This project deploys a structured environmental integrity system designed to verify, document, and improve indoor conditions that influence airborne pathogen transmission.
The intervention is based on the TA-14 Environmental Integrity Framework, which establishes a continuous evidence chain connecting environmental conditions, system performance, intervention decisions, and verified outcomes.
The system is deployed within occupied indoor environments—initially K–12 classrooms—to create a real-world, measurable model of airborne risk reduction.
The intervention integrates four primary components:
1. Non-Invasive Baseline Verification (NIRET)
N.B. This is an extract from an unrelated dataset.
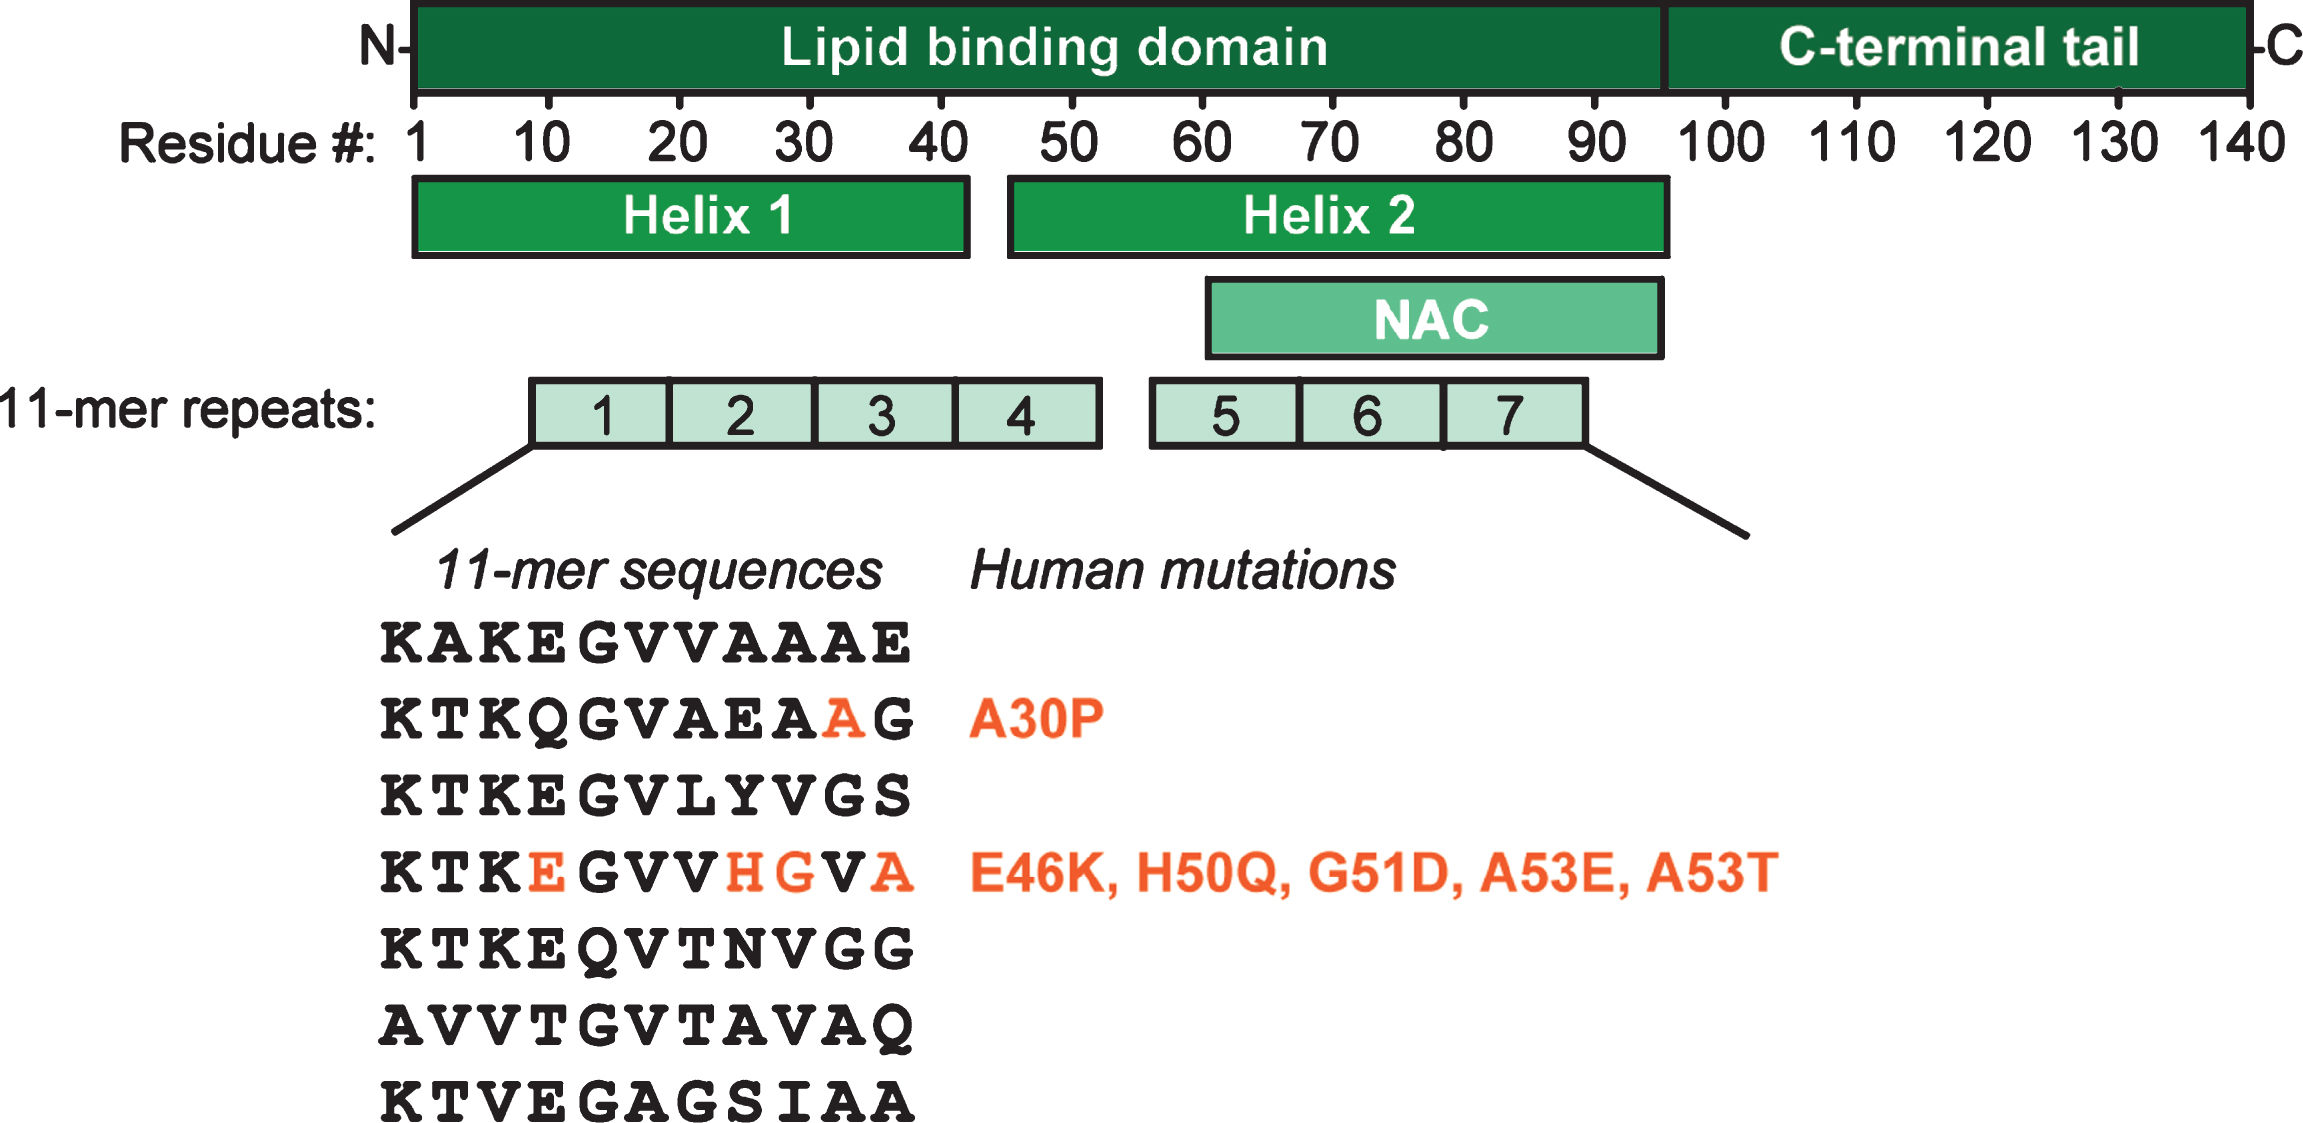 
α-Synuclein domain structure. Upon binding to lipid membranes, the N-terminal domain of α-synuclein folds into two amphipathic helices; the C-terminal tail of α-synuclein does not contribute to membrane binding. The lipid binding domain can be divided into seven highly conserved 11-mer sequences. Helix 2 contains the aggregation-prone NAC-domain. All disease-linked mutations of α-synuclein are located in the second and fourth 11-mer stretch.

All environments begin with non-invasive assessment to establish verified baseline conditions.
This includes:
Thermal performance analysis
Electrical consumption (kW / amp draw)
Airflow and ventilation performance
Environmental condition measurements
No invasive system actions are taken until data confirms a justified need.
2. Atmospheric Integrity Record (AIR)
A continuous environmental record is established to track:
Temperature
Humidity
Ventilation performance
Filtration effectiveness
Occupancy load
This creates a time-based dataset of real-world operating conditions within each classroom.
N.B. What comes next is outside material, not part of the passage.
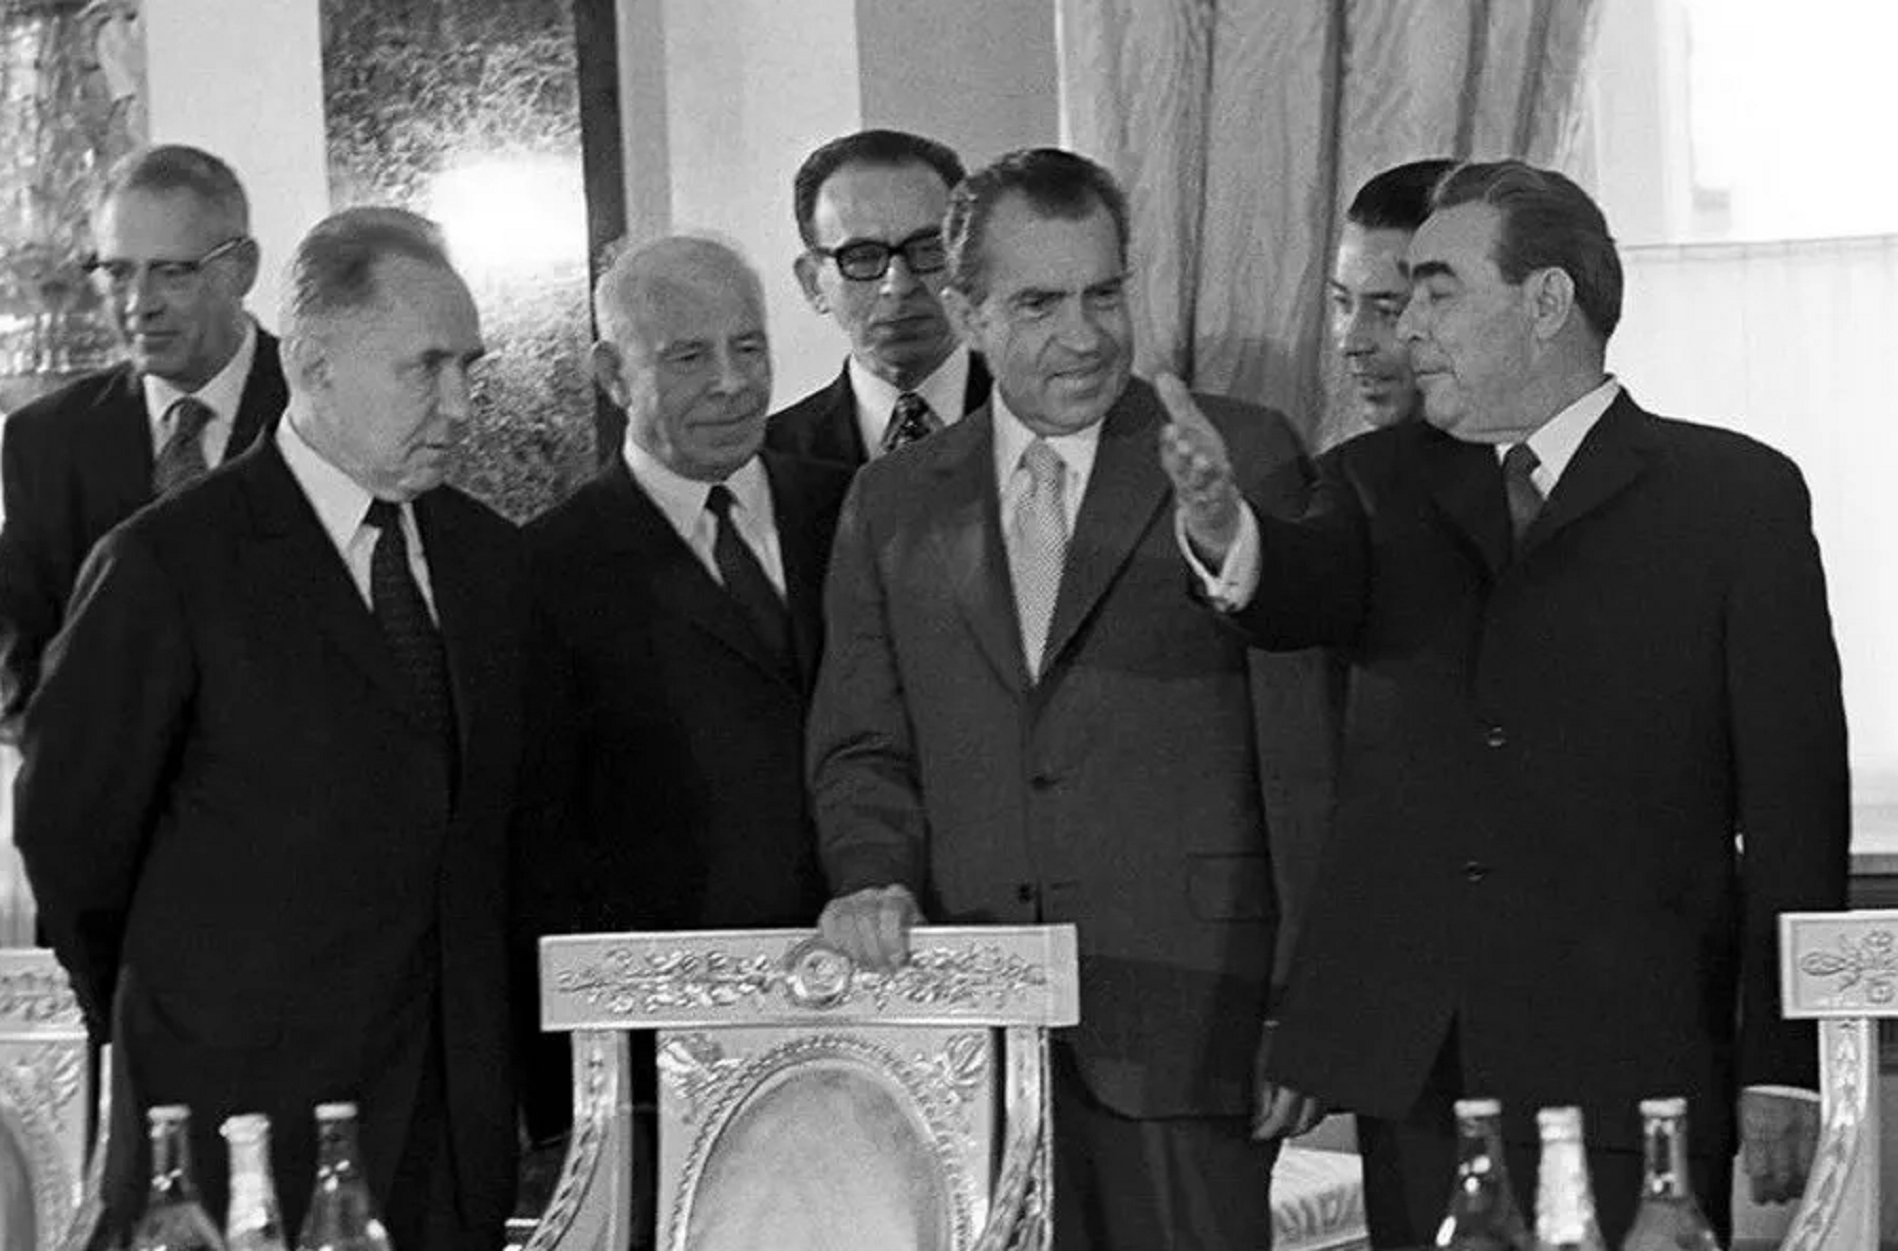 1 мая 1972 года. Визит Никсона в Москву 1972. Никсон и Брежнев 1972. Визит в Москву президента США Никсона.

3. Performance-Triggered Intervention
Interventions are initiated only when recorded data indicates that environmental conditions fall outside defined performance thresholds associated with increased airborne transmission risk.
Examples include:
Ventilation adjustments
Filtration improvements
System calibration
Mechanical corrections
All actions are data-driven and documented.
4. Environmental Integrity Record (EIR)
All system activity is integrated into a unified record that captures:
Baseline conditions
Decision logic
Actions taken
Post-intervention outcomes
This creates a complete and auditable evidence chain.
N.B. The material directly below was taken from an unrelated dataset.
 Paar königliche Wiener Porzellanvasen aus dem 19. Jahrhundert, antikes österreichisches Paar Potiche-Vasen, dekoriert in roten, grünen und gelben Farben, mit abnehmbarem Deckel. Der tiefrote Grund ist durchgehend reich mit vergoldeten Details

The intervention follows a structured sequence:
Baseline → Continuous Monitoring → Threshold Detection → Intervention → Verification → Ongoing Record
This ensures that every action is:
Justified by data
Documented in real time
Verified through measurable outcome
The initial deployment will occur in K–12 classroom environments, where:
Occupancy is known and consistent
Exposure duration is structured (class periods)
Environmental conditions can be tracked continuously
Each classroom becomes a controlled environmental node, enabling standardized data collection and comparison.
The system integrates:
HVAC system output (BTU)
Electrical input (kW)
Environmental conditions (AIR)
Occupancy (students + staff per classroom)
This enables:
Real-time evaluation of system performance
Verification of environmental conditions per occupied space
Quantification of energy required to maintain safe conditions
The intervention introduces a measurable metric:
Energy per Protected Occupant (kW/person)
This allows for:
Evaluation of how efficiently environments are maintained
Verification that each individual is within a safe environmental condition
Comparison across classrooms, buildings, and systems
Unlike traditional approaches that deploy solutions without verification, this system ensures:
Conditions are measured before intervention
Actions are justified by data
Outcomes are verified after intervention
This transforms airborne risk reduction from:
assumed performance → documented environmental integrity
The TA-14 framework is already structured and defined, with:
Established process methodology
Defined data collection approach
Documented system logic
The 2026 deployment focuses on implementation and validation in real-world environments, not concept development.
“This intervention establishes a verifiable system that connects environmental conditions, system performance, and human exposure—ensuring airborne risk reduction is measurable, documented, and accountable.”